### Exercise brief
Retype each line of the material exactly, please, skipping any picture in it.

(Dataset section Opens)

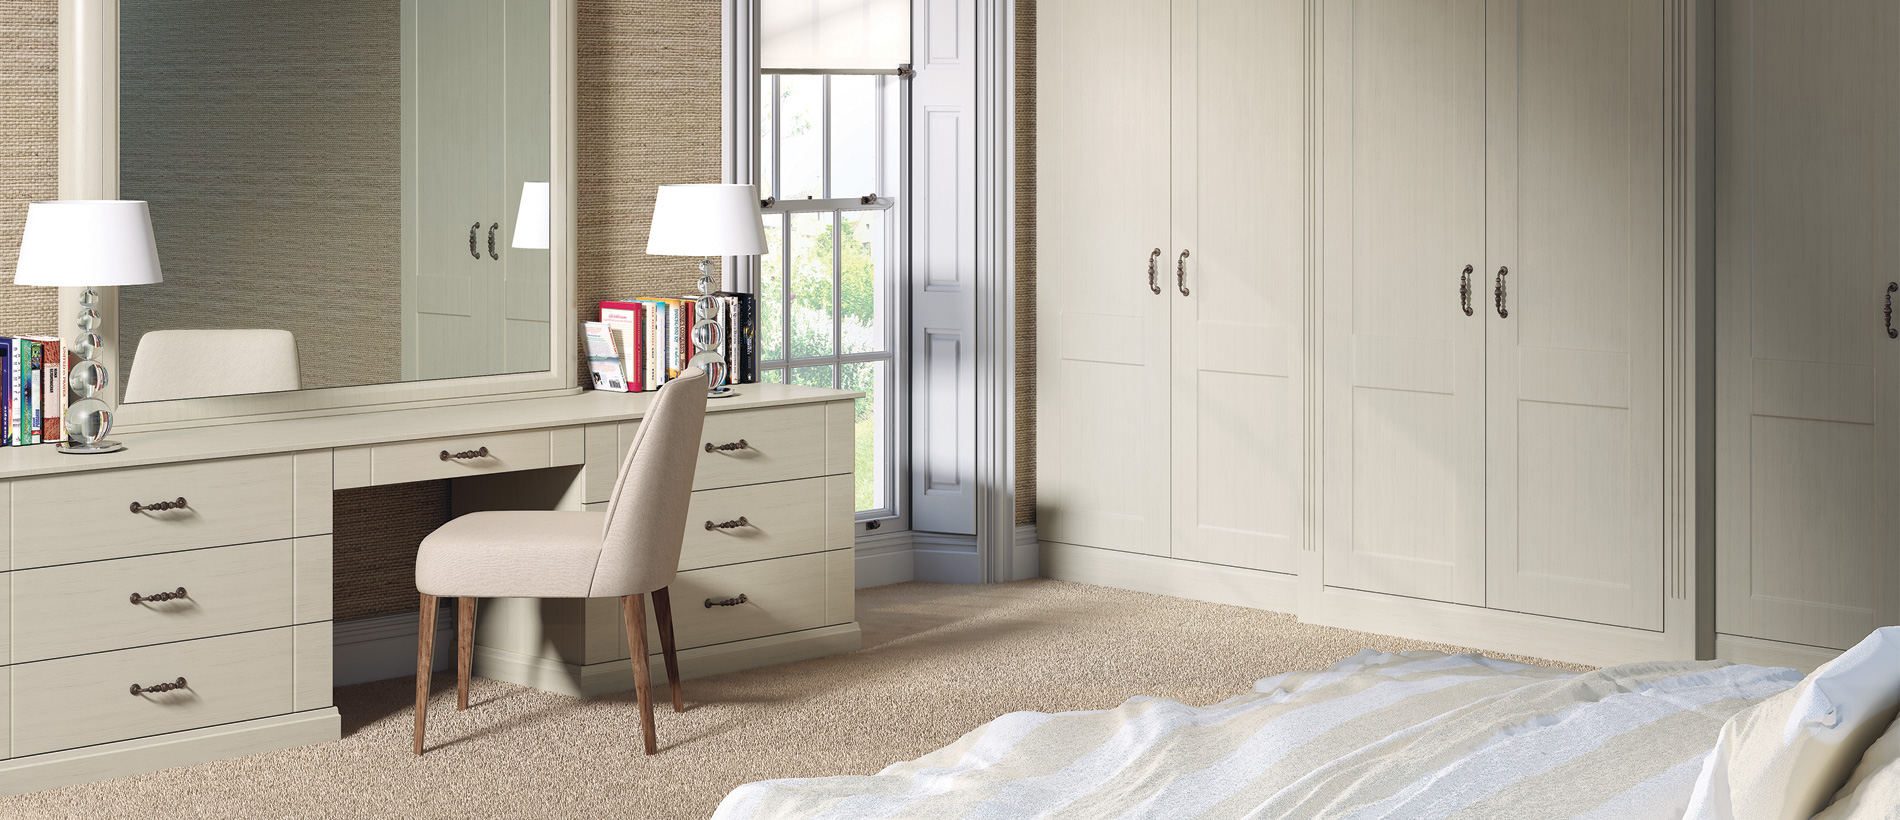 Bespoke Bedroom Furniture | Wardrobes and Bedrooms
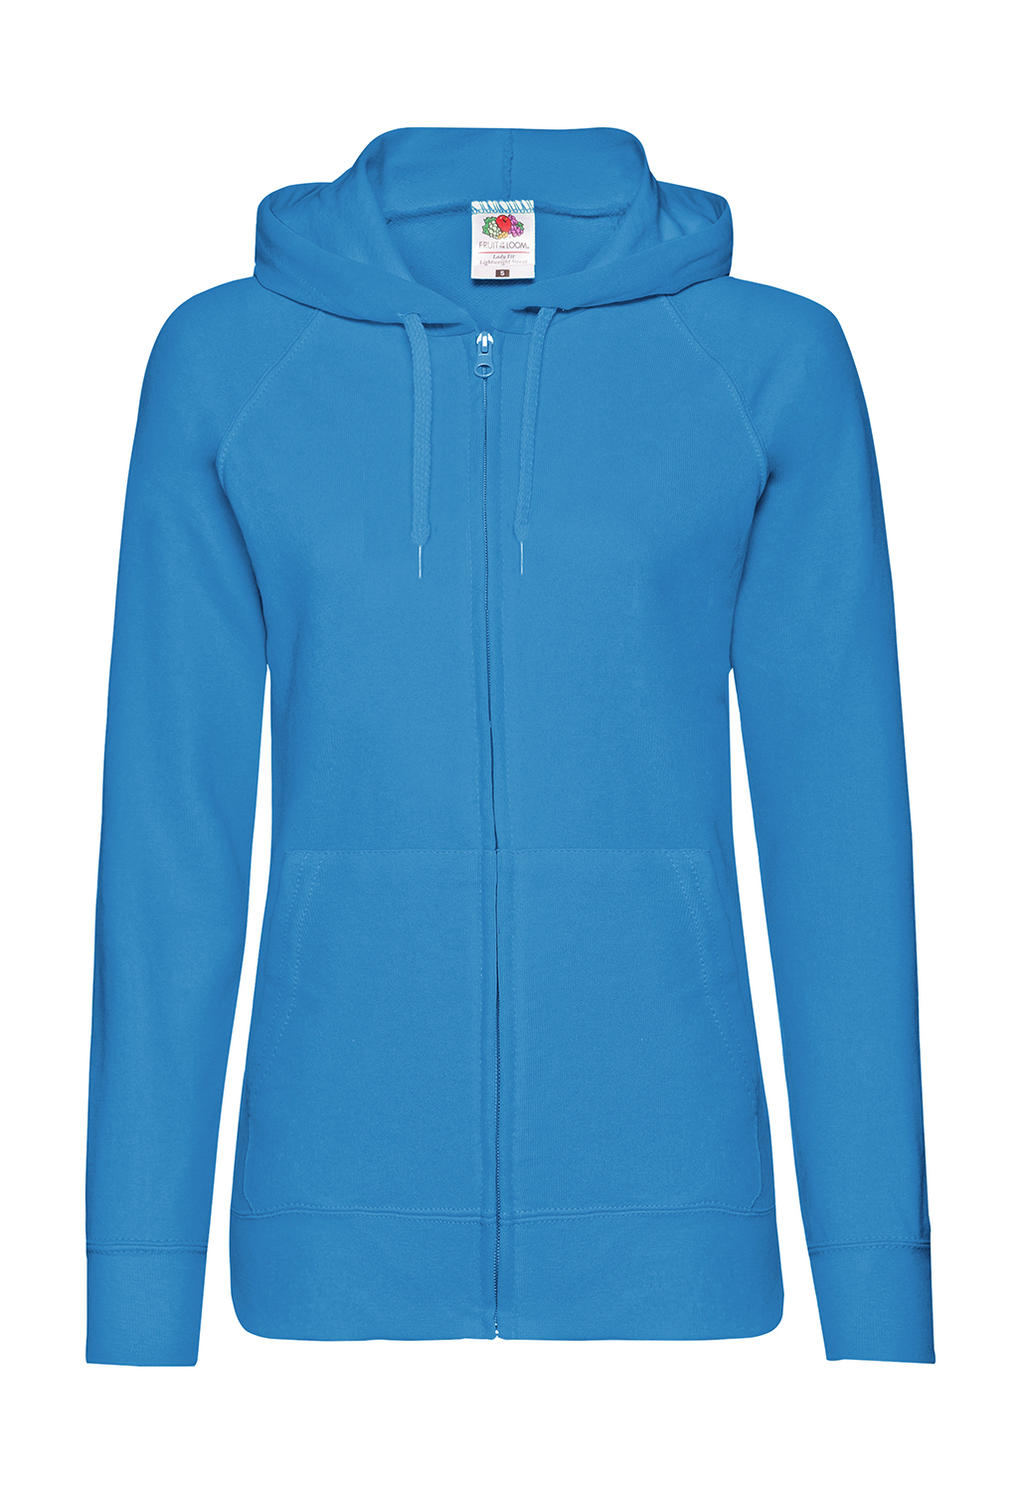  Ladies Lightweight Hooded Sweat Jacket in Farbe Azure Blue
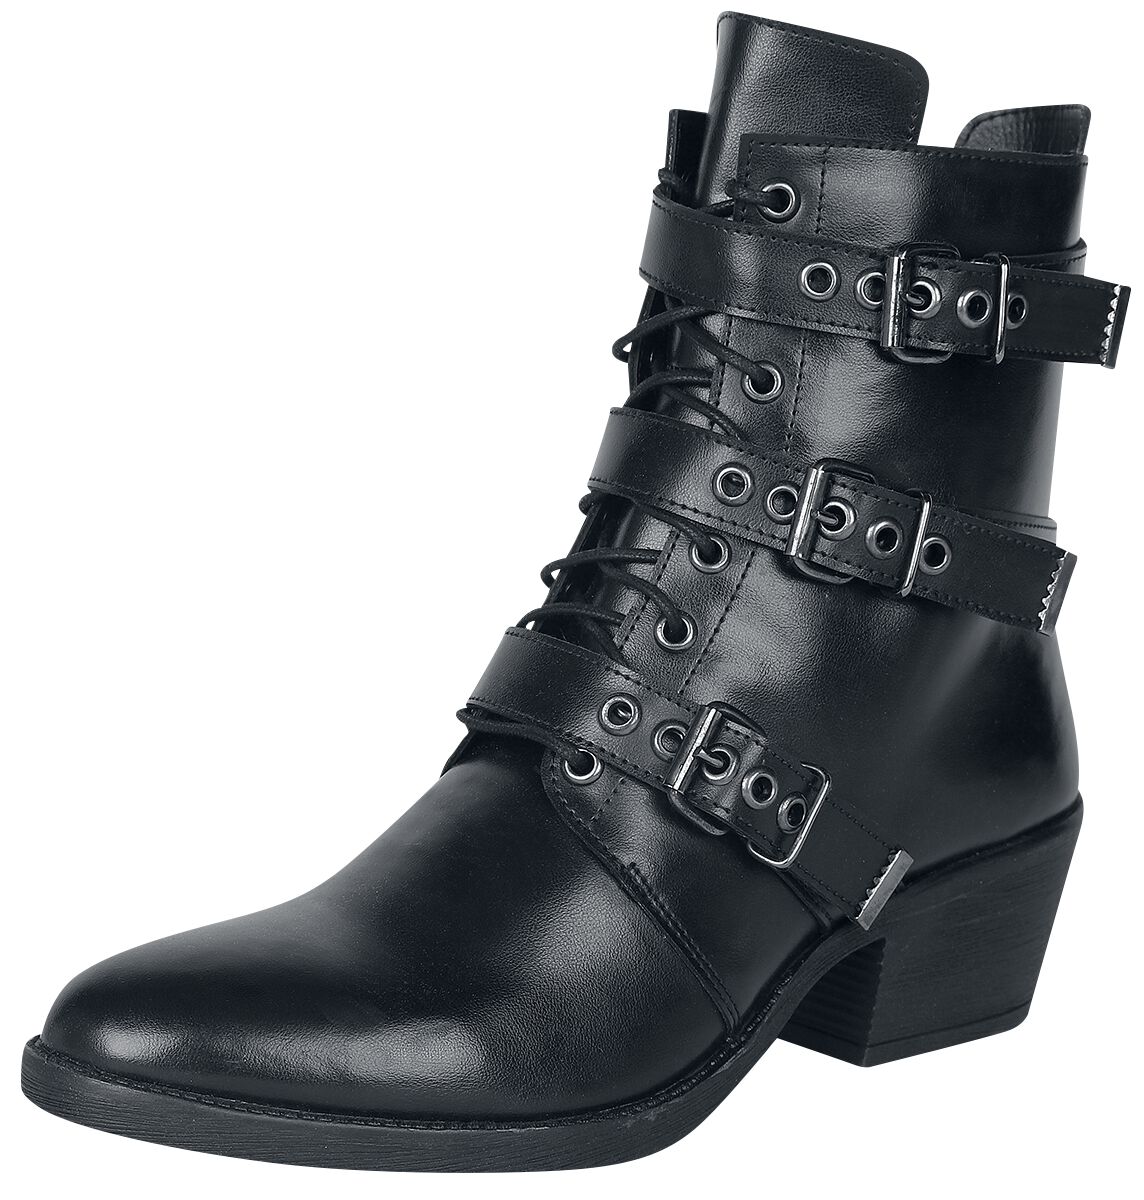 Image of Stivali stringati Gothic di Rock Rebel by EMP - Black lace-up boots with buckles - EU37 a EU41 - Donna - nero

(Dataset section Closes)

### Solution for this problem
 Bespoke Bedroom Furniture | Wardrobes and Bedrooms
  Ladies Lightweight Hooded Sweat Jacket in Farbe Azure Blue
 Image of Stivali stringati Gothic di Rock Rebel by EMP - Black lace-up boots with buckles - EU37 a EU41 - Donna - nero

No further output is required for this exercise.